The obtained organic layer was dried using magnesium sulfate, and concentrated by a column chromatography (EA/Hex) to obtain Intermediate 122-e (yield 76%).

3) Synthesis of Intermediate 122-f

The Intermediate 122-e (1.5 eq), 1-bromo-2-iodobenzene (1.5 eq), bis(diphenylphosphino)ferrocene dichloropalladium (0.05 eq), and potassium phosphate tribasic (5.0 eq) were dissolved in a 1,4-dioxane/H₂O solution, and stirred at 100° C. for 24 hours.

After cooling the product to room temperature, distilled water was added, and extraction was repeated three times with ethyl acetate.

The obtained organic layer was dried using magnesium sulfate, and concentrated by a column chromatography (EA/Hex) to obtain Intermediate 122-f (yield 72%).

4) Synthesis of Intermediate 122-g

Intermediate 122-f (1.0 eq), 2-(4,4,5,5-tetramethyl-1,3,2-dioxaborolan-2-yl)aniline (1.0 eq), SphosPdG2 (0.1 eq), and potassium phosphate tribasic (7.0 eq) were dissolved in THF:H₂O (1:2) solution and stirred at 90° C. for 5 hours. After cooling the product to room temperature, the organic layer was obtained by extracting three times using ethyl acetate (EA) and water.

The obtained organic layer was dried using magnesium sulfate, and concentrated by a column chromatography to obtain Intermediate 122-g (yield 67%).

5) Synthesis of Intermediate 122-h

Intermediate 122-g (1.0 eq) and K₂CO₃ (2.0 eq) were dissolved in dimethylsulfoxide (0.1 M), and stirred at 160° C. for 9 hours. After cooling the product to room temperature, the organic layer was extracted three times using ethyl acetate (EA) and water.

The obtained organic layer was dried using magnesium sulfate, and concentrated by a column chromatography to obtain Intermediate 122-h (yield 75%).

Compound DP-122 (yield 35%) was synthesized using the same method as that for the synthesis of Compound DP-2, except for the intermediate synthesis described above.

The results of ¹H NMR and HR-MS (High-Resolution Mass Spectroscopy) measurements of the compounds synthesized by the above Synthesis Examples are shown in Table 1.

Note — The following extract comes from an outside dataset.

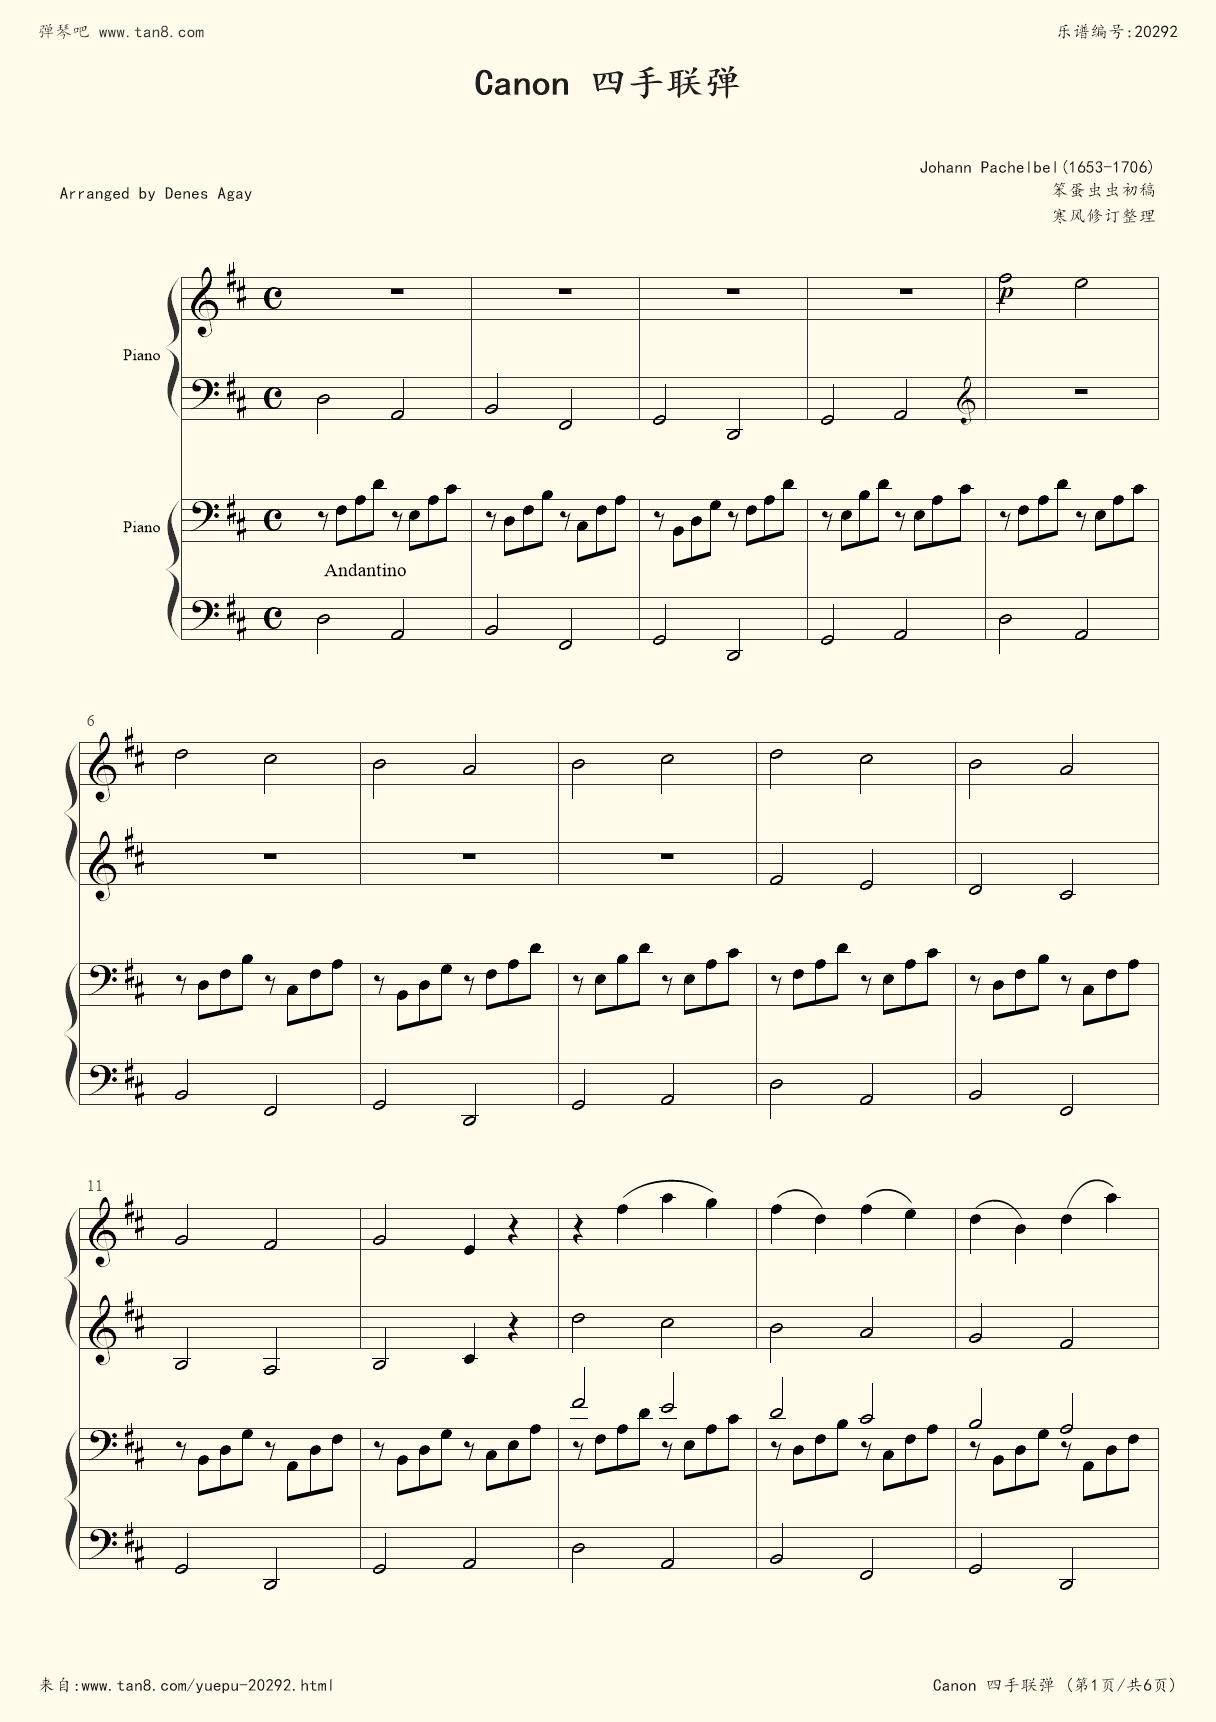 卡农三重奏谱子

The compounds below were used in Comparative Examples 1 to 3.

Evaluation Example

HOMO/LUMO energy levels (eV), a maximum emission wavelength (nm), a spin-orbit coupling (SOC), and a triplet metal-to-ligand charge transfer (MLCT) ratio (%) of the compounds in Table 1 were evaluated using a DFT method of a Gaussian program structure-optimized at a B3LYP/6-31G(d,p) level.

The evaluation results are shown in Table 2.

Referring to Table 2, a short-wavelength effect was induced as a depth of the HOMO energy level increased in the organometallic compounds according to embodiments of the disclosure. SOC and MLCT properties were also enhanced in the organometallic compounds according to embodiments.

Embodiments have been disclosed herein, and although terms are employed, they are used and are to be interpreted in a generic and descriptive sense only and not for the purposes of limitation. In some instances, as would be apparent to one of ordinary skill in the art, features, characteristics, and/or elements described in connection with an embodiment may be used singly or in combination with features, characteristics, and/or elements described in connection with other embodiments unless otherwise specifically indicated. Accordingly, it will be understood by those of ordinary skill in the art that various changes in form and details may be made without departing from the spirit and scope of the disclosure as set forth in the claims.